By: Dr. Aoife Kenny, Volunteer at Women Deliver
What is stronger than steel, completely sustainable, and could transform the lives of underserved rural women and girls worldwide? The answer is Bamboo. And Ghana’s commitment to bamboo bicycles is a powerful first step in showing how resourceful this plant can be.
Access to rural transport is critical to poverty reduction and development. When unavailable, communities that can’t get their goods to market, can’t bring in new capital; nor can individuals reach new and more lucrative employment opportunities. In addition, statistics have shown that countries with the least access to rural transport have the highest maternal mortality and gender education disparity, as issues of mobility are intrinsically linked to a country’s economic growth and the global issue of climate change.
In the majority of Ghana, only 32% of the rural population has adequate access to the transport system; which means that over two thirds of the population is not able to reach their educational, wellness and economic potentials. One way to curb this disparity is through bicycles. Bikes are the mainstay of mobility for millions of people around the world, especially in developing countries. Yet many of the bicycles in Africa are imported, of poor quality and unsuitable to the conditions.

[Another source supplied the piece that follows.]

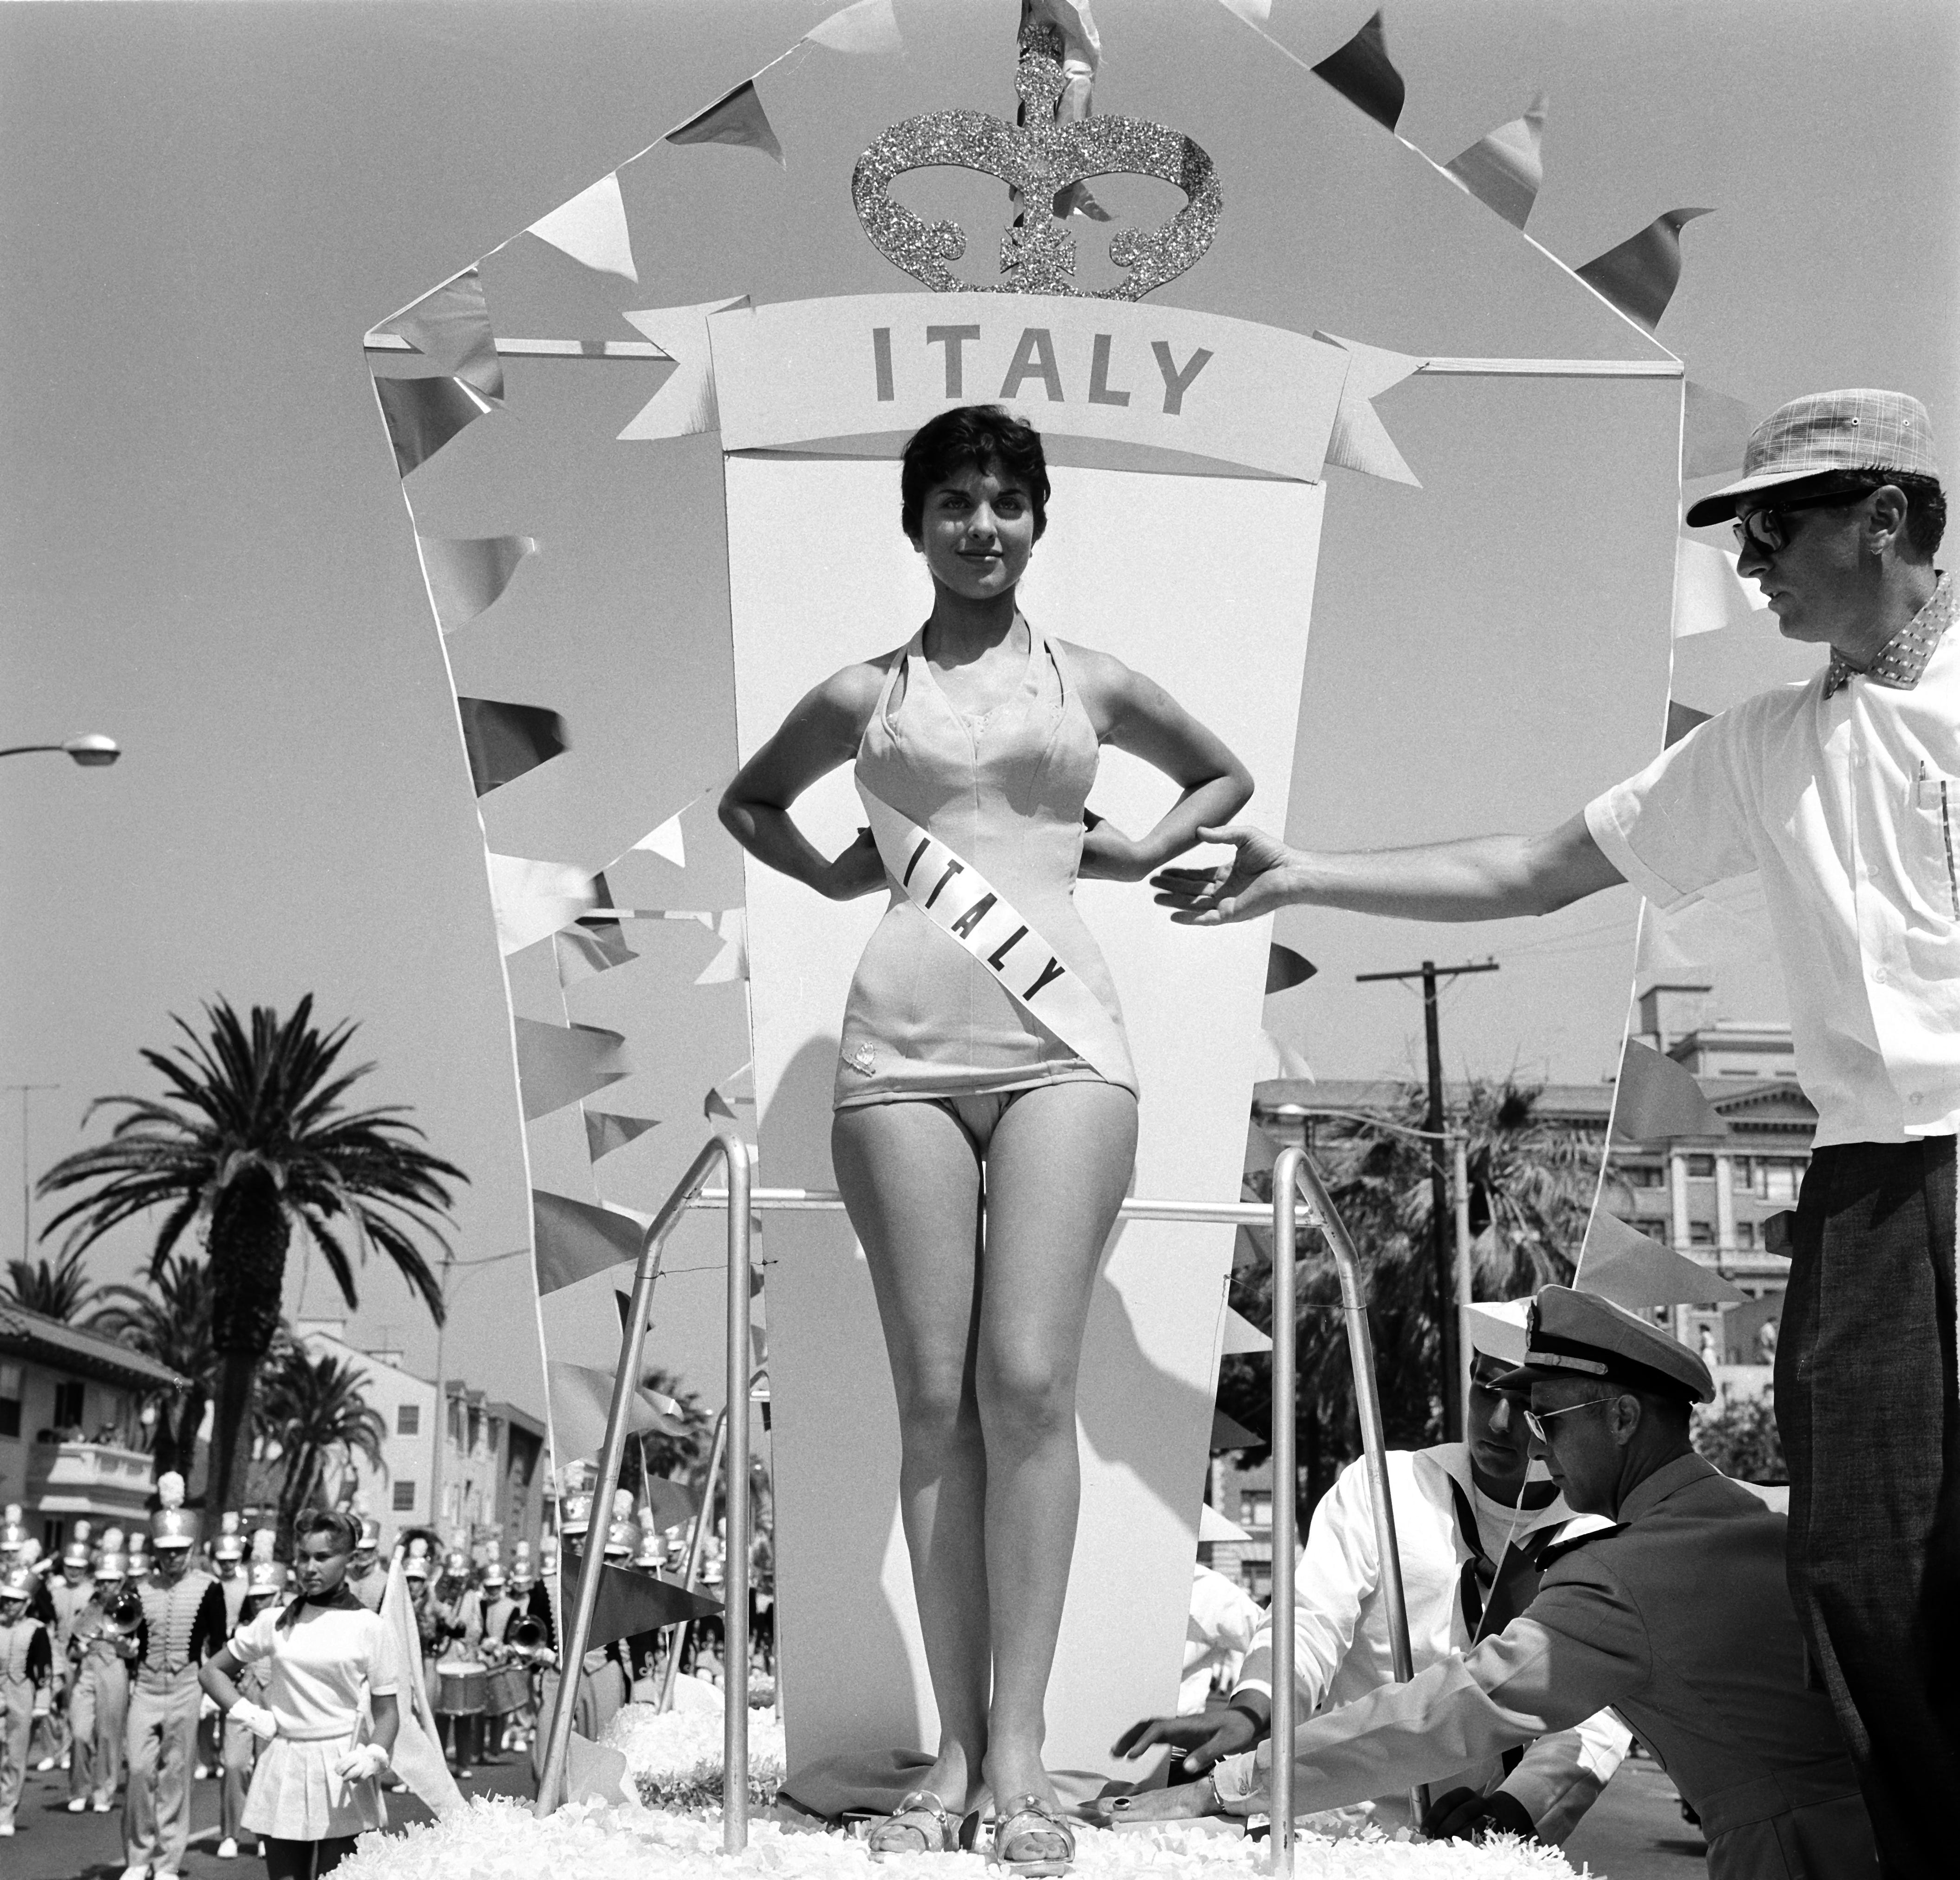 26. JULI 1958: Miss Italien, Clara Copella, Miss Universe-Kandidatin posiert während einer Parade in Long Beach, Kalifornien.  (

Through Columbia University’s Earth Institute and the Millennium Cities Initiative in Kumasi, the Bamboo Bike Project was established in Ghana.

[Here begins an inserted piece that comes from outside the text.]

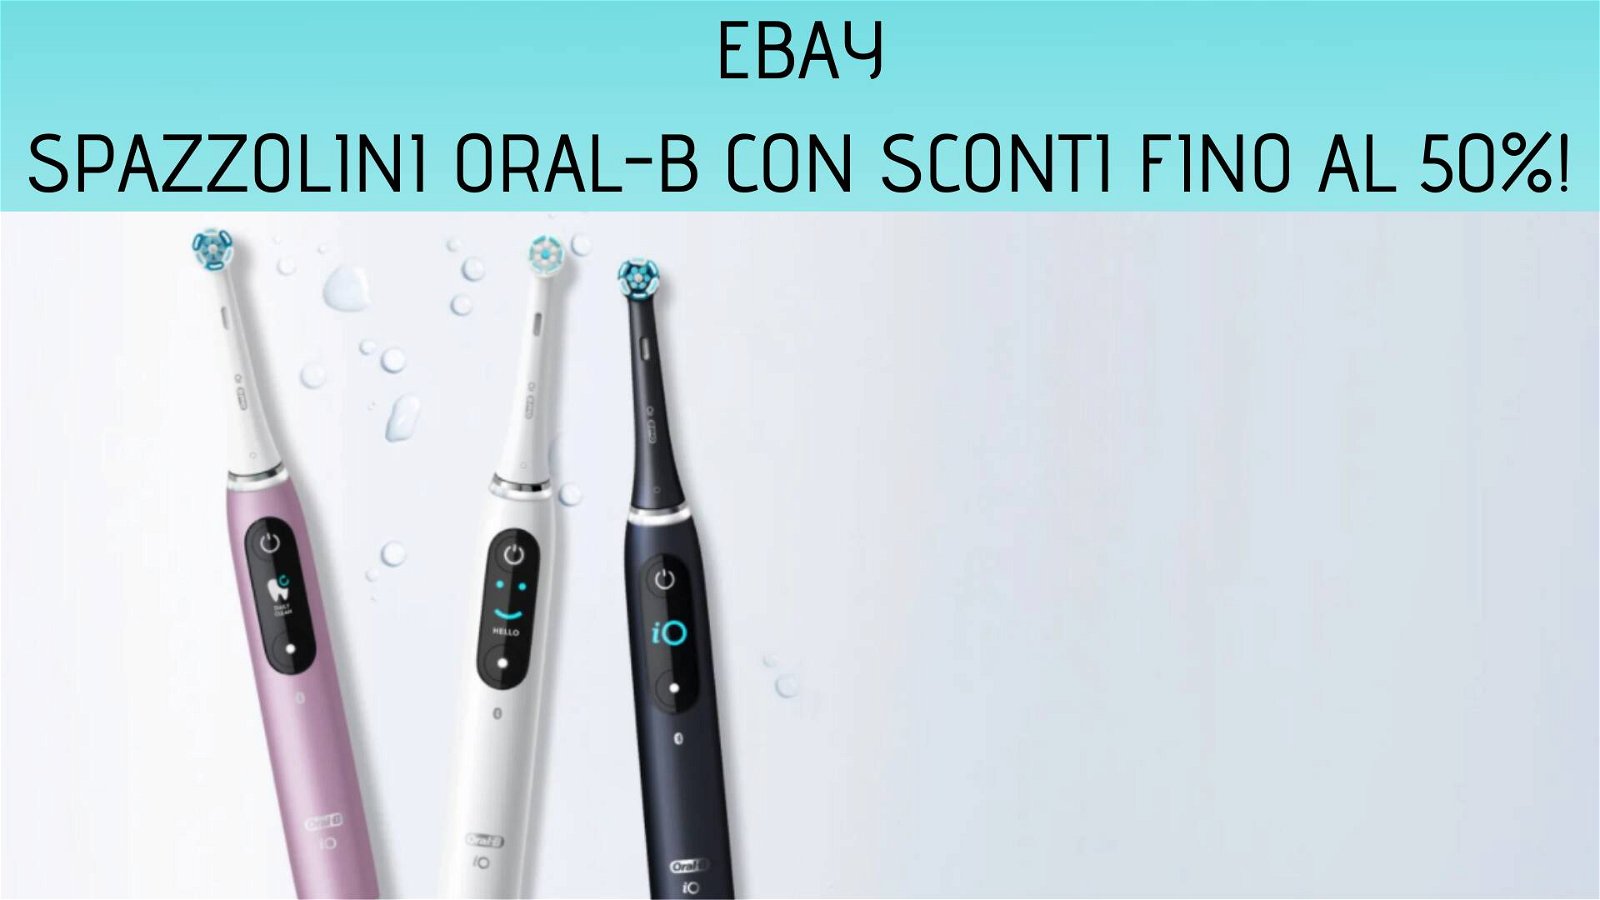 Immagine di eBay: sconti fino al 50% sugli spazzolini Oral-B

The Project was set up to examine the feasibility of building bicycles out of native bamboo, and ultimately, to build a bicycle production industry in Africa that is able to meet local needs. Professor John Mutter, of Columbia University and co-founder of the Project, says their primary focus is “creating transport solutions for the rural poor in Ghana”. This means, keeping costs low and scaling up production to meet the needs of the local market. The project’s most recent development, factory-style production with local partner Bamboo Bikes Limited, is also focusing on the promotion of gender equity.

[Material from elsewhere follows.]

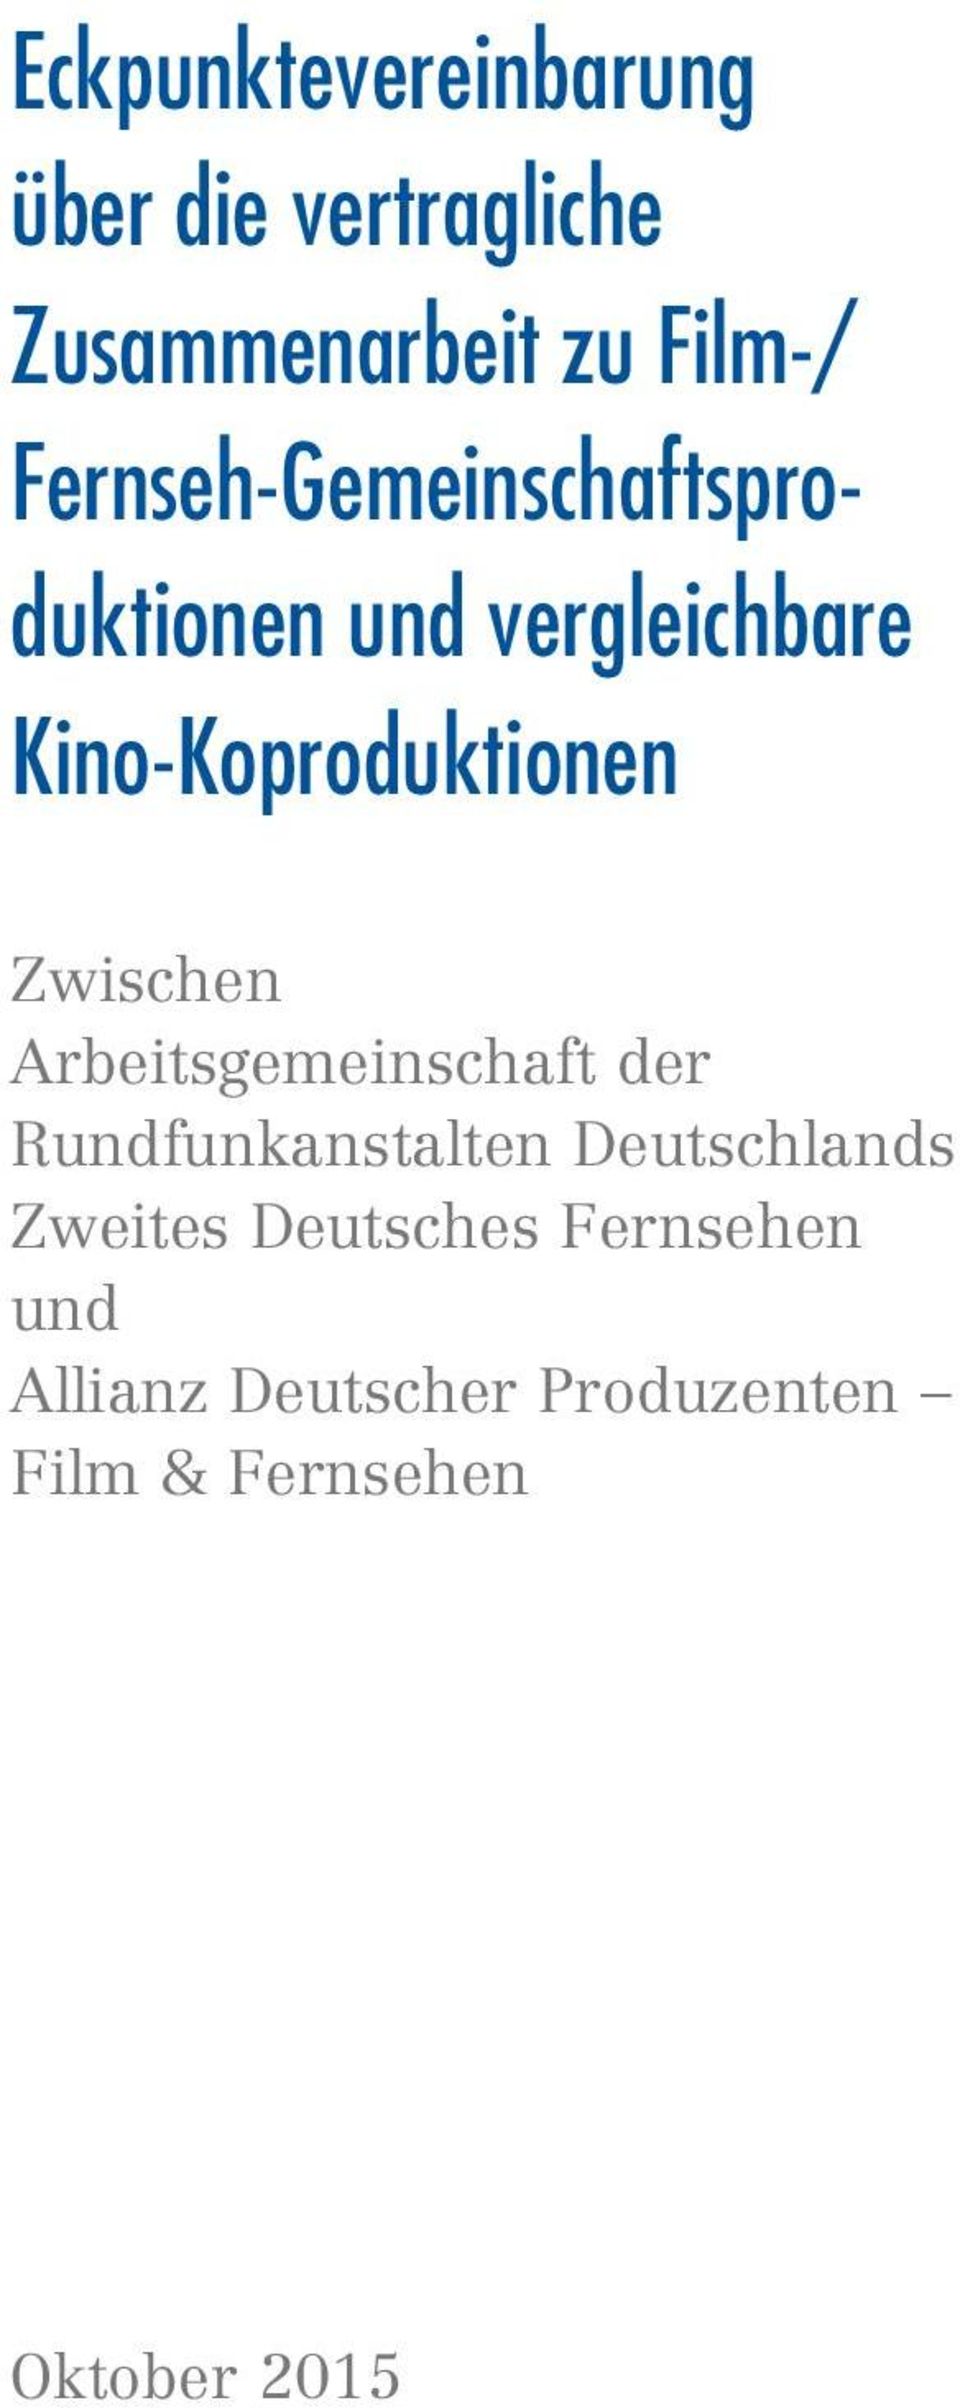 Eckpunktevereinbarung über Die Vertragliche Zusammenarbeit Zu Film

Struck by the Bamboo Bike Project’s success, a similar organization, Ghana Bamboo Bikes, has also decided to utilize this fast-growing natural resource and to improve the livelihoods of Ghanaians; specifically, Ghanaian women. Recognized by the Clinton Global Initiative University and awarded the UNEP Seed Initiative Award for sustainable development, the organization is also based in Kumasi. Representative, Kwaku Kyei, affirmed that Ghana Bamboo Bikes is dedicated to high quality and the employment of disadvantaged groups, explaining that small urban workshops provide an opportunity for disabled women to be trained by specialists on how to produce the bicycles. Additionally, another initiative centered on motorizing bikes that can function as emergency health transportation in rural communities, prove especially valuable to at-risk pregnant women.
According to Professor Mutter, the affordability of bamboo bikes has a transformative impact on the individual and their community. Domestic tasks can be completed “five times as fast as on foot,” which can ensure a girl’s presence at school, and a woman can bring her farmed goods to a bigger and better market. Antenatal visits would no longer mean a day’s productivity was lost, nor would distance be a factor in dissuading a family from sending their daughter to a university. Possibilities once mired by access to reliable transportation are now vast.
And this movement of equitable mobility is spreading. The Bamboo Bike Project has been approached by interested parties in Liberia and Sierra Leone, and may expand via a similar project, in East Africa, while Ghana Bamboo Bikes is making high-end machines for the international export market, and building capacity as a community bicycle library and training center.
The sky is the limit, it seems, for bamboo.